Very pleasing set of interactions, people learning from each other, me included. Like very much the give and take, the engagement with an interesting set of questions, about education, the brain, life. Have looked forward to seeing what each day brings, looking forward to another week of it.

What could be better? Was struck by the realization of a difference between my approach to the computer models and other peoples', by the contrast between my wanting to encourage teachers to create new things themselves and the expectation of getting things that would be useful. My neglect of existing models was an aspect of that, as was my not thinking (until after the fact) about computer use to collect observations. The whole computing/project enterprise could have been laid out better from the start, with smaller steps along the way rather than a too diffuse and open-ended assignment at the beginning.

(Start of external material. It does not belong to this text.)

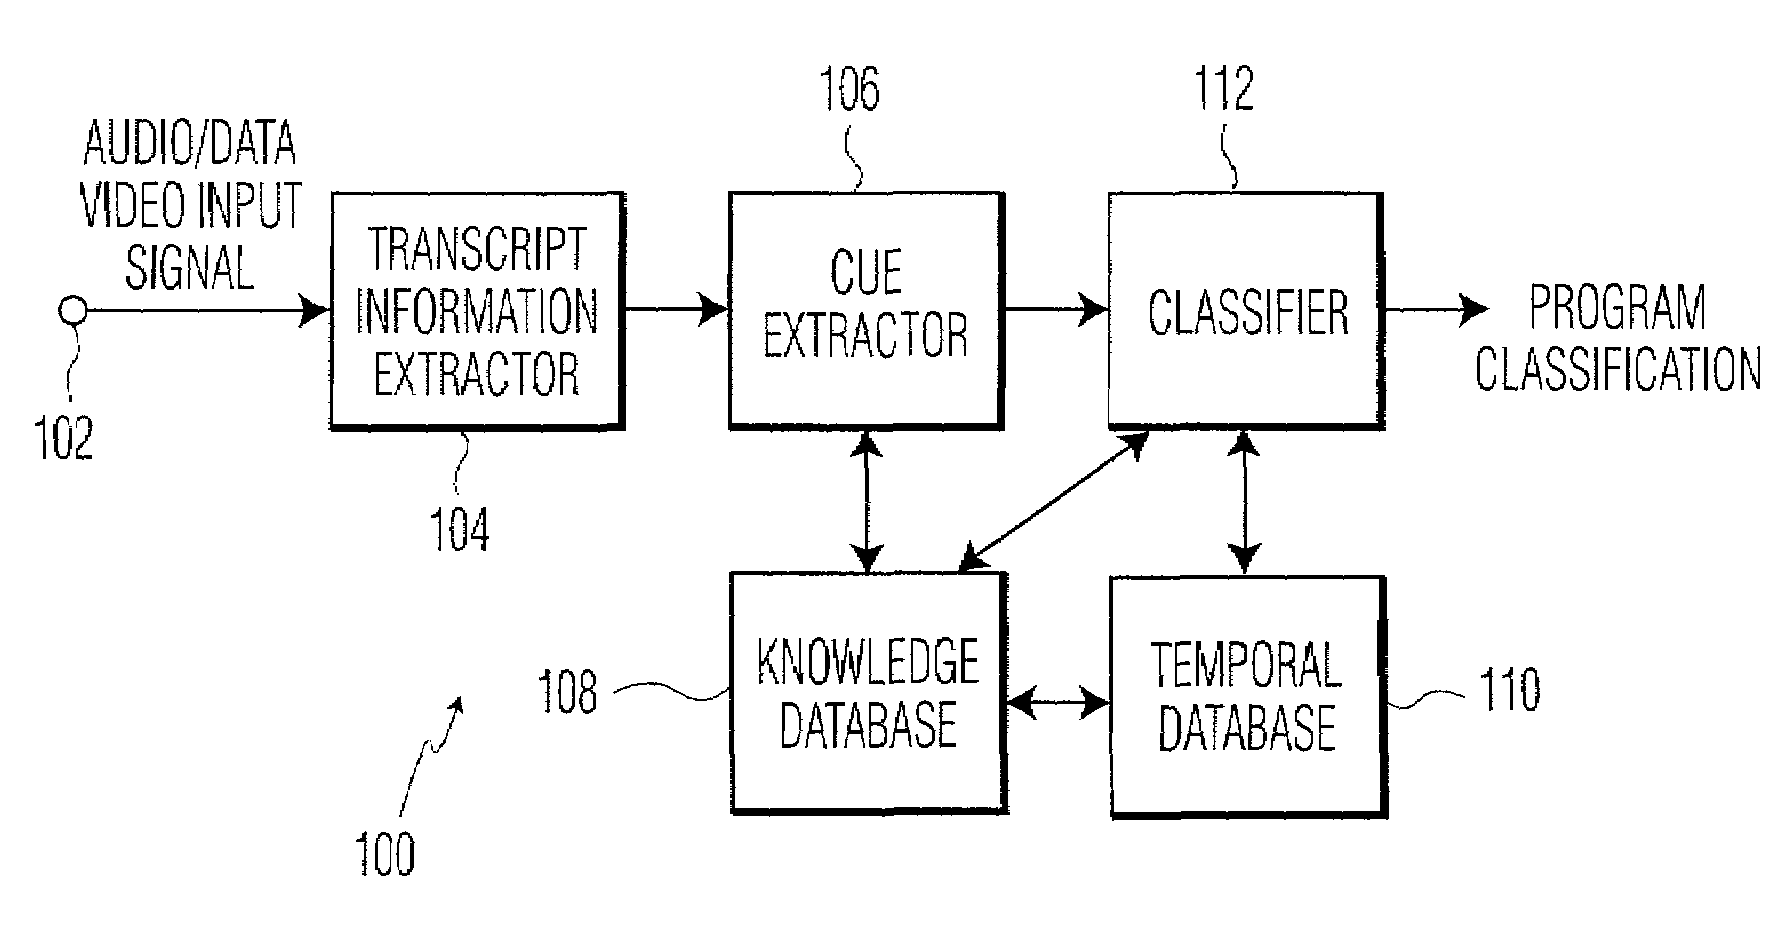 Apparatus and method of program classification using observed cues in the transcript information
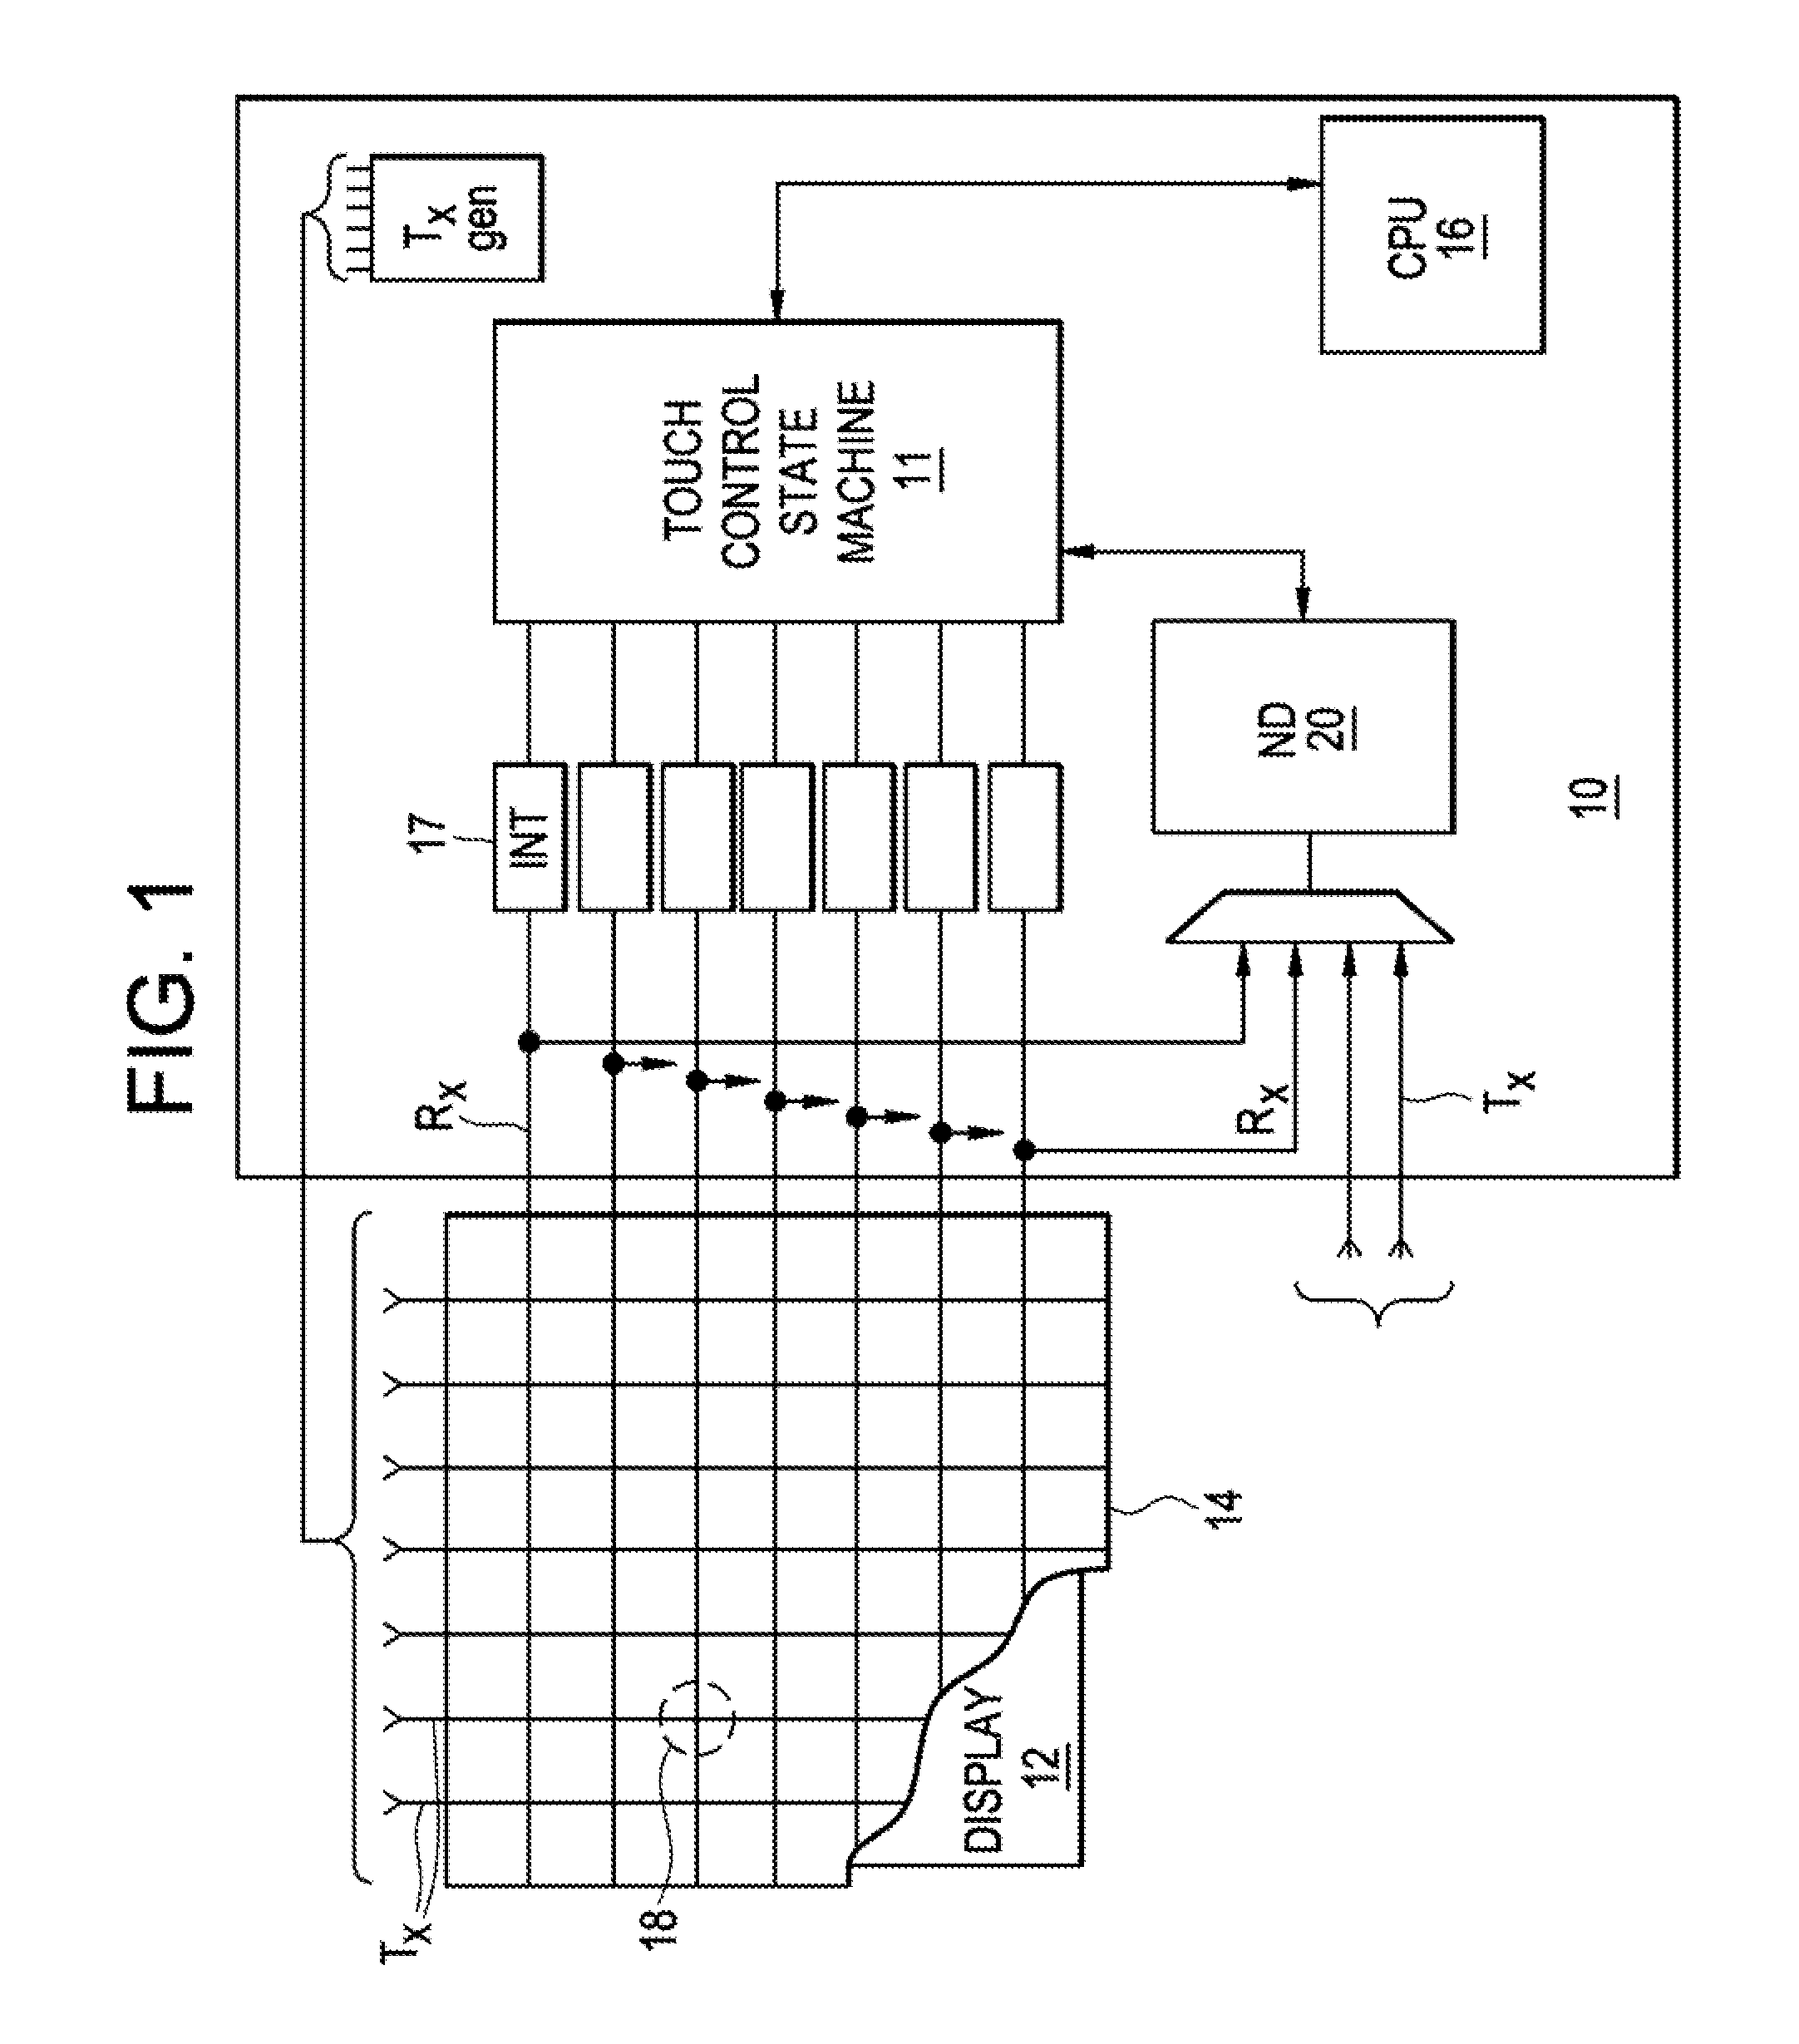 Method and apparatus for reducing coupled noise influence in touch screen controllers

Is that relevant in a more general education context? I think it is indeed. No matter how excited one is oneself about a particular perspective/objective, its key to share it with others in appropriately sized hunks that build on one another, and the first hunks have to be ones that make immediate sense to the people one is working with (students or otherwise I suspect).

Wondering too about the balance between preaching and offering new openings for ways of thinking. The latter is, of course, intended, but I certainly sound sometimes to myself as if i'm doing the former. On the flip side, there seem to me times when I'm too slow, when people would really like to have the answer instead of working through all the steps (where is the I-function?). Curious too about how to better keep people from getting frustrated with computers, organizing things so that frustrations are minimized, and quicly dealt with when encountered. Think we could do a better job along those lines.